Ellie
‘I’d better be going.’ Mrs Dunwoody got up. ‘I’ve got so many serious problems to deal with, children wetting the bed, others with lice. Some children won’t eat, others are stealing food. As for some of the mothers with babies!’ She shook her head, as if baffled by it all. ‘Would you believe that one mother complained because it was too quiet here? I don’t think it dawns on some people that this country is at war and we have to put up with a few inconveniences.’
Chapter Three
Dagenham, March 1940
Bonny Phillips stood at the top of the stairs, ears pricked up. It was after ten on Friday night, and she’d been sent to bed an hour earlier, but a certain tension between her parents during the evening and now their raised voices had made her creep out of her bedroom to try and discover what was going on.

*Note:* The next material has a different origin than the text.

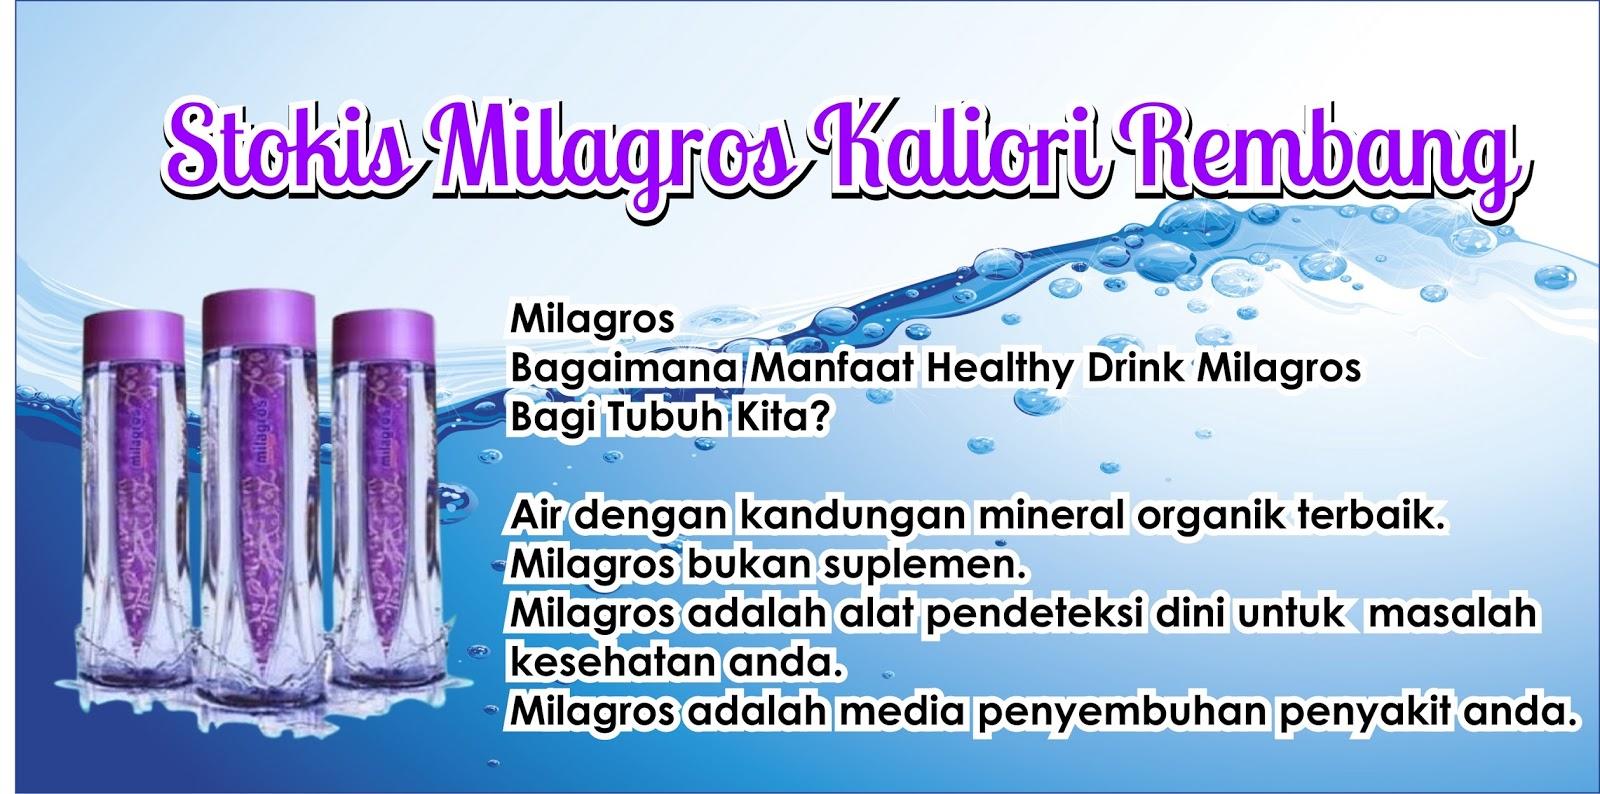 Desain Banner Milagros CDR

‘I’ve been over and over it.’ Her father’s voice sounded weary with exasperation. ‘We must do what’s right for her, Doris.’
It was pitch dark on the stairs, except for a faint golden glow beneath the living-room door. Bonny shivered in her thin nightdress and the sisal stair carpet prickled her bare feet.
‘I don’t want Bonny to go, Am,’ her mother replied, her voice strangled as if she was crying. ‘She’s not quite eleven, just a baby, I couldn’t bear being separated from her.’
‘Do you think I want her to go?’ Arnold replied. ‘But this isn’t sending her off to just anyone, she’ll have a good life with Miss Wynter. She’ll be safe when the bombing starts and she’ll have her dancing lessons free.’
Bonny had never been away from home, not even for one night. Last September, when most of the other children at school were evacuated, she was disappointed when her parents declined to send her too. Home was 88 Flamstead Road on the Becontree estate in Dagenham, a very ordinary council house. When many of the children returned home at Christmas with amazing stories about country cottages and big houses at the seaside, Bonny had felt resentful.
In fact, the war had been a great disappointment in every way so far. Last year, when they’d all been given gas masks and practised going into the air raid shelter in the school opposite, Bonny had thought it was all going to be very exciting. She’d even felt a bit like a heroine staying behind at home, facing danger. But nothing had happened, other than planes droning overhead. Even when the siren went off it was only to practise. It had been an exceptionally cold winter, thick snow, pipes freezing up and shortages of everything. Grown-ups talked about rationing all the time, and now Dad had dug up most of the back garden to grow vegetables. They called it the Phoney War. Almost all the evacuees had come home again to stay. Yet from what her dad was saying, it sounded as if something was going to happen at last.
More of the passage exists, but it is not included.